Regardless of application area, concentration estimates derived from non-detects (NDs) or low counts are widely perceived to be more uncertain and less reliable than those based on higher counts. This has often led to a desire to quantify enough of these objects by modifying the enumerated sample portion so that the count falls in a range that is deemed acceptable (Emelko et al., 2008; American Public Health Agency et al., 2017; United States Food and Drug Administration, 2017). When this is not possible, resulting NDs are widely reported as being less than a detection limit (e.g., <1 per analytical sample size) and used as a statement about true source concentration. This convention has been widely implemented and deemed precautionary because it usually leads to higher (i.e., conservative) mean concentration estimates. Approaches for handling this type of ND data are often developed out of computational convenience, though more elaborate approaches also continue to be developed. One important reason for the development of more complex approaches arises from the recognition that true microbe concentrations are imperfectly estimated by the analytical methodologies used to obtain counts from samples (Nieminski et al., 1995; Allen et al., 2000). For example, the impact of measurement error (e.g., random sampling error and imperfect and/or variable analytical recovery) on microbial concentration estimates has been widely demonstrated and thoroughly discussed (Nahrstedt and Gimbel, 1996; Gronewold et al., 2008; Gonzales-Barron and Butler, 2011; Schmidt and Emelko, 2011; Commeau et al., 2012; Pouillot et al., 2013; Duarte et al., 2015). Measurement error applies universally to all microbial detection and enumeration methods and refers to the random discrepancy between the actual concentration in the presumably homogeneous source and the concentration estimate obtained from a sample (Emelko et al., 2010). Failure to account for measurement error properly has been shown to bias concentration estimates and associated risk estimates, sometimes by orders of magnitude (Pouillot et al., 2013; Schmidt et al., 2013). In contrast, the implications of interpreting and handling NDs using approaches that mishandle measurement error have not been thoroughly discussed. Current reporting conventions for NDs frequently obfuscate their interpretation, so data analysis approaches have been tailored to how these data are reported rather than what the NDs truly represent.
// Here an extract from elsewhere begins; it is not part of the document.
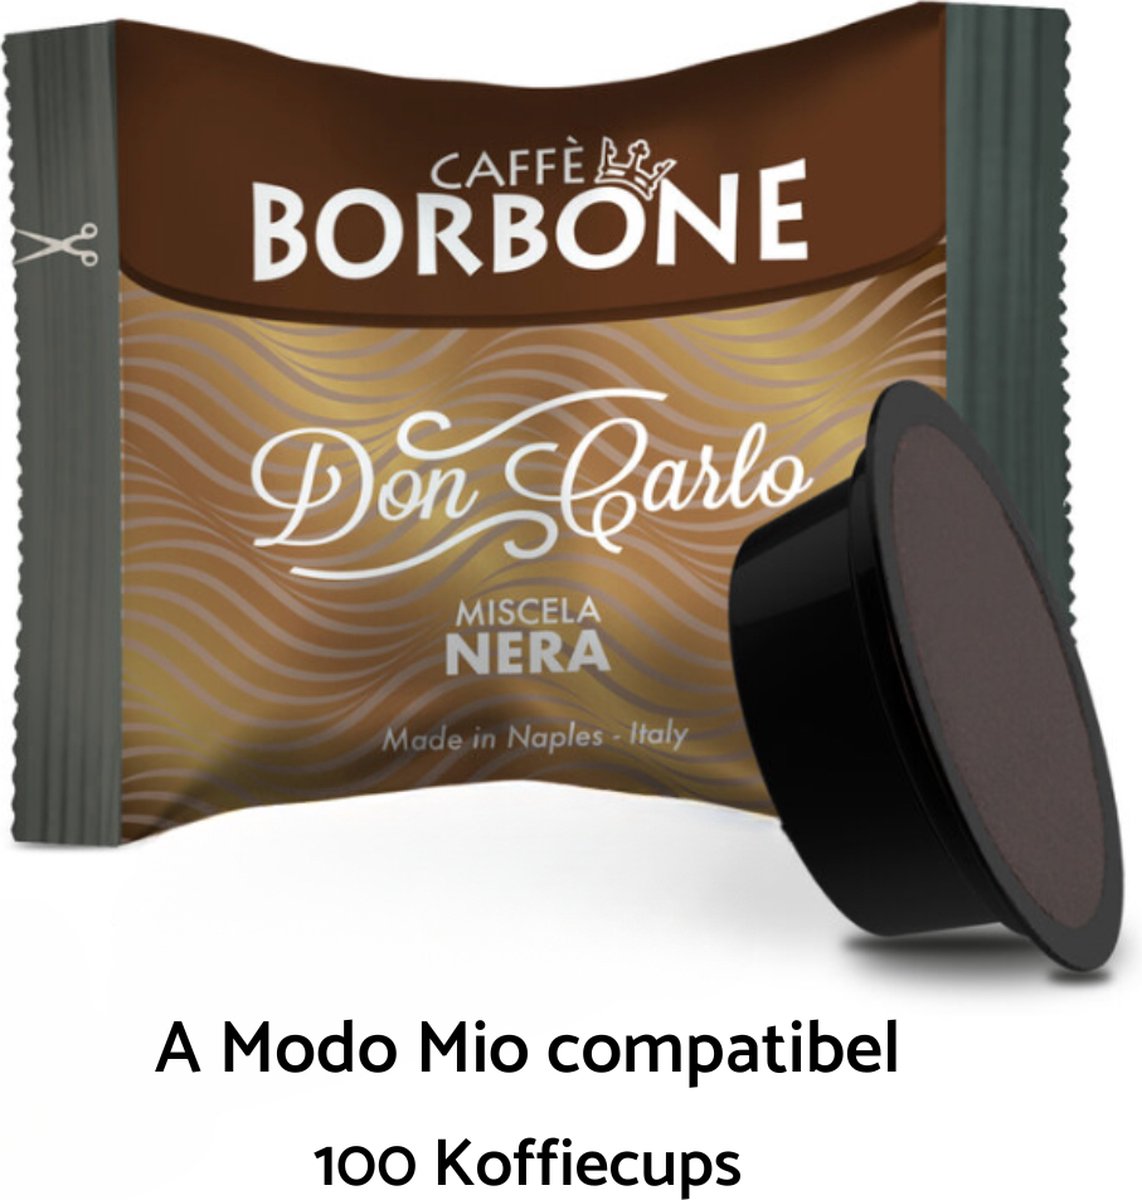 Caffè Borbone - Don Carlo Nera 100 Koffiecups - Lavazza a Modo Mio compatibel

Here, methods used to characterize microbial concentrations from detection- and enumeration-based data are reviewed, and common misconceptions associated with the reporting and handling of NDs are discussed. Examples that draw upon conventions and standards in the drinking water industry are provided to demonstrate why common approaches that treat NDs as censored data are incorrect and lead to bias in interpretation. Finally, recommendations to facilitate standardized reporting and analysis of such data are provided.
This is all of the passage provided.